In approving the budget early Thursday, California lawmakers also agreed to place on the ballot a proposed constitutional amendment that would do away with partisan primaries in favor of an open-primary system in which the top two vote-getters, regardless of party affiliation, would face off in a general election.
The article gushes about how this might be a possible solution to the sort of gridlock that nearly brought California down.
There's a lot of reasons why that's wrong, (and why party-free primaries are a disaster for voters) but the simplest is this -- what nearly destroyed California was not partisanship, but its requirement that the budget be passed by a supermajority, a horrible systemic flaw that California shares with only two other states.

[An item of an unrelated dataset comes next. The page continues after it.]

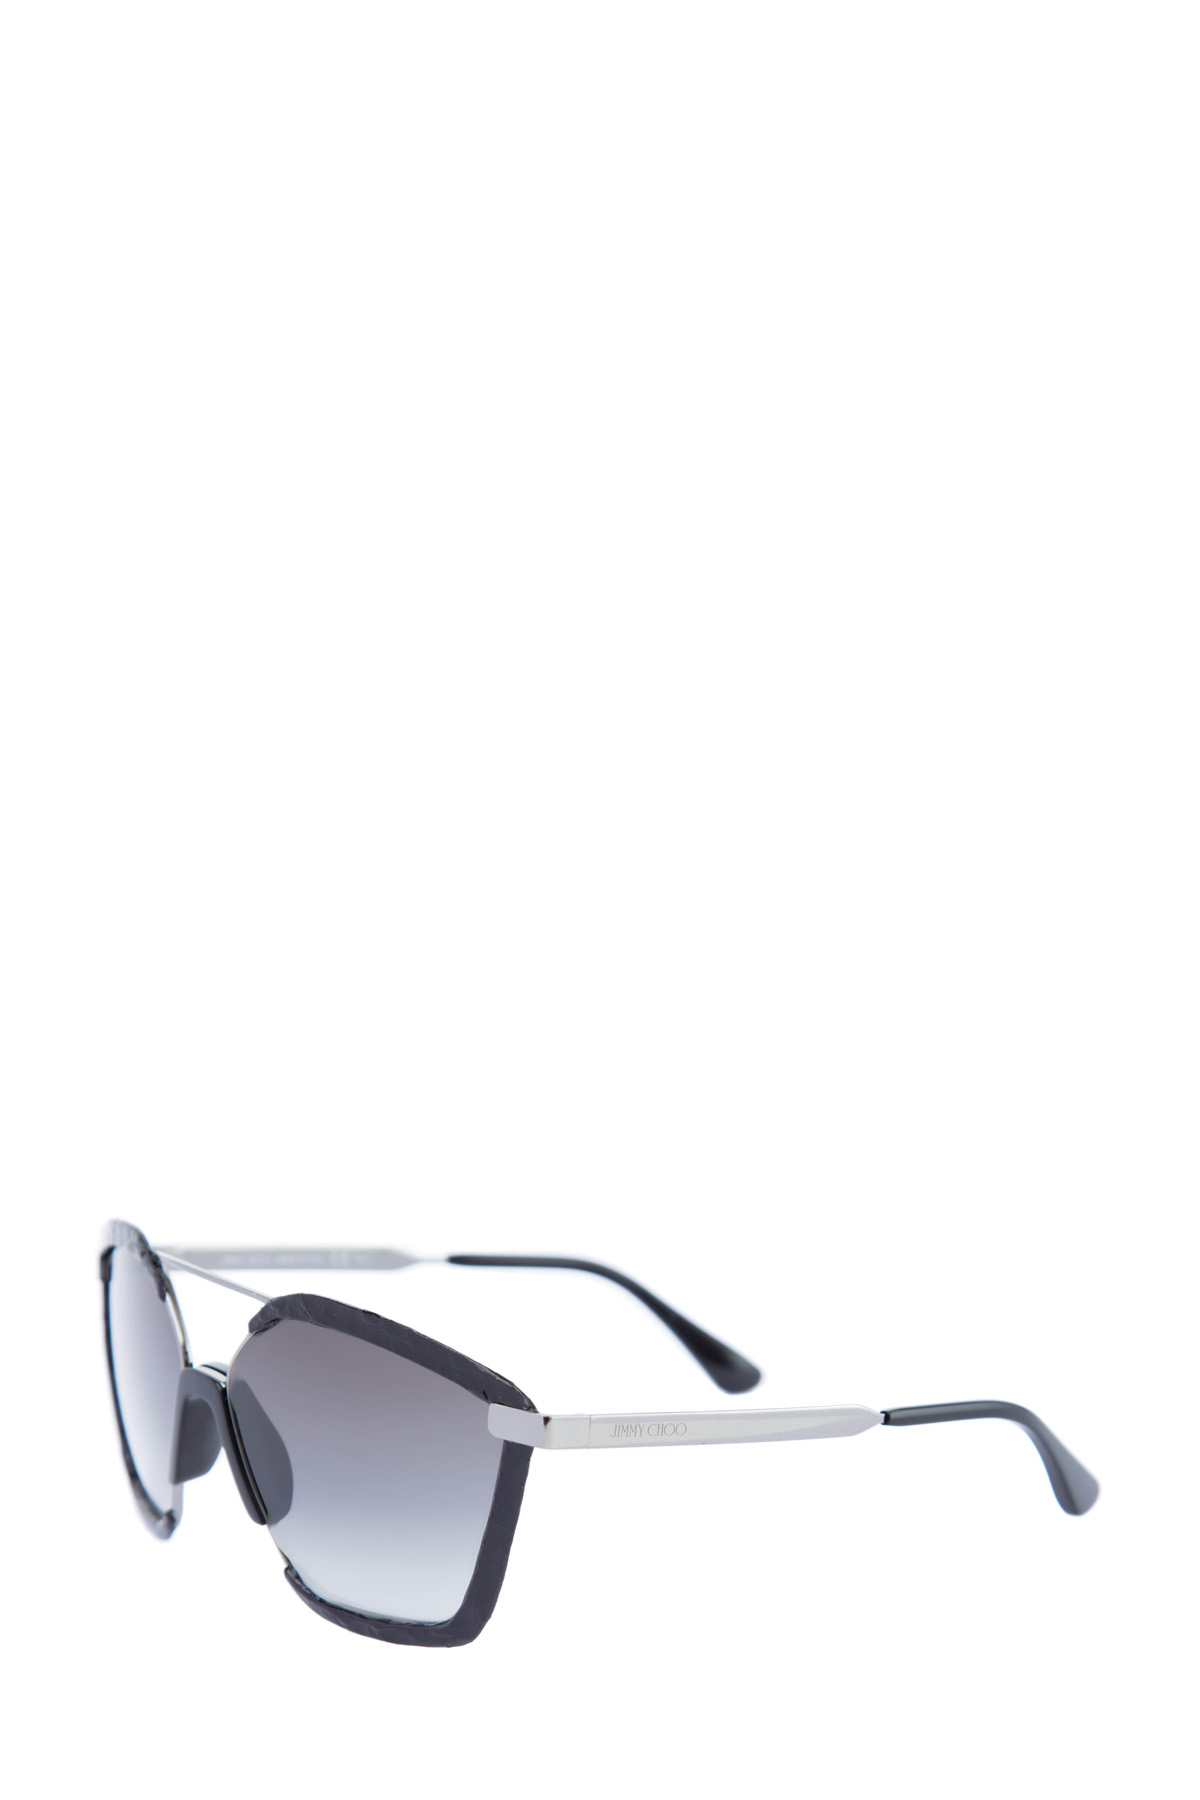 Очки Leon в металлической оправе со вставками с отделкой из кожи змеи JIMMY CHOO  (sunglasses), размер 44 - фото 3

Supermajority requirements replace majority rule with rule by minority centrists. And since minority centrists have little incentive to play with the majority party (and doubly so when the media lets minority centrists portray them as having a principled moderate stance), there is a hugely disproportionate influence that they end up wielding. This is why three Republican Senators could gut the stimulus bill, and it is why Abel Maldonado, a person that the NYT describes as a" moderate Republican", was able to threaten California with bankruptcy if he did not get his "post-partisan" bill passed.
If you want to stop gridlock, the recipe is stronger parties, not weaker ones, and a system that allows the majority to rule.
Oh, and a media that stops romanticizing centrist blackmail. But I'm not holding my breath on that one.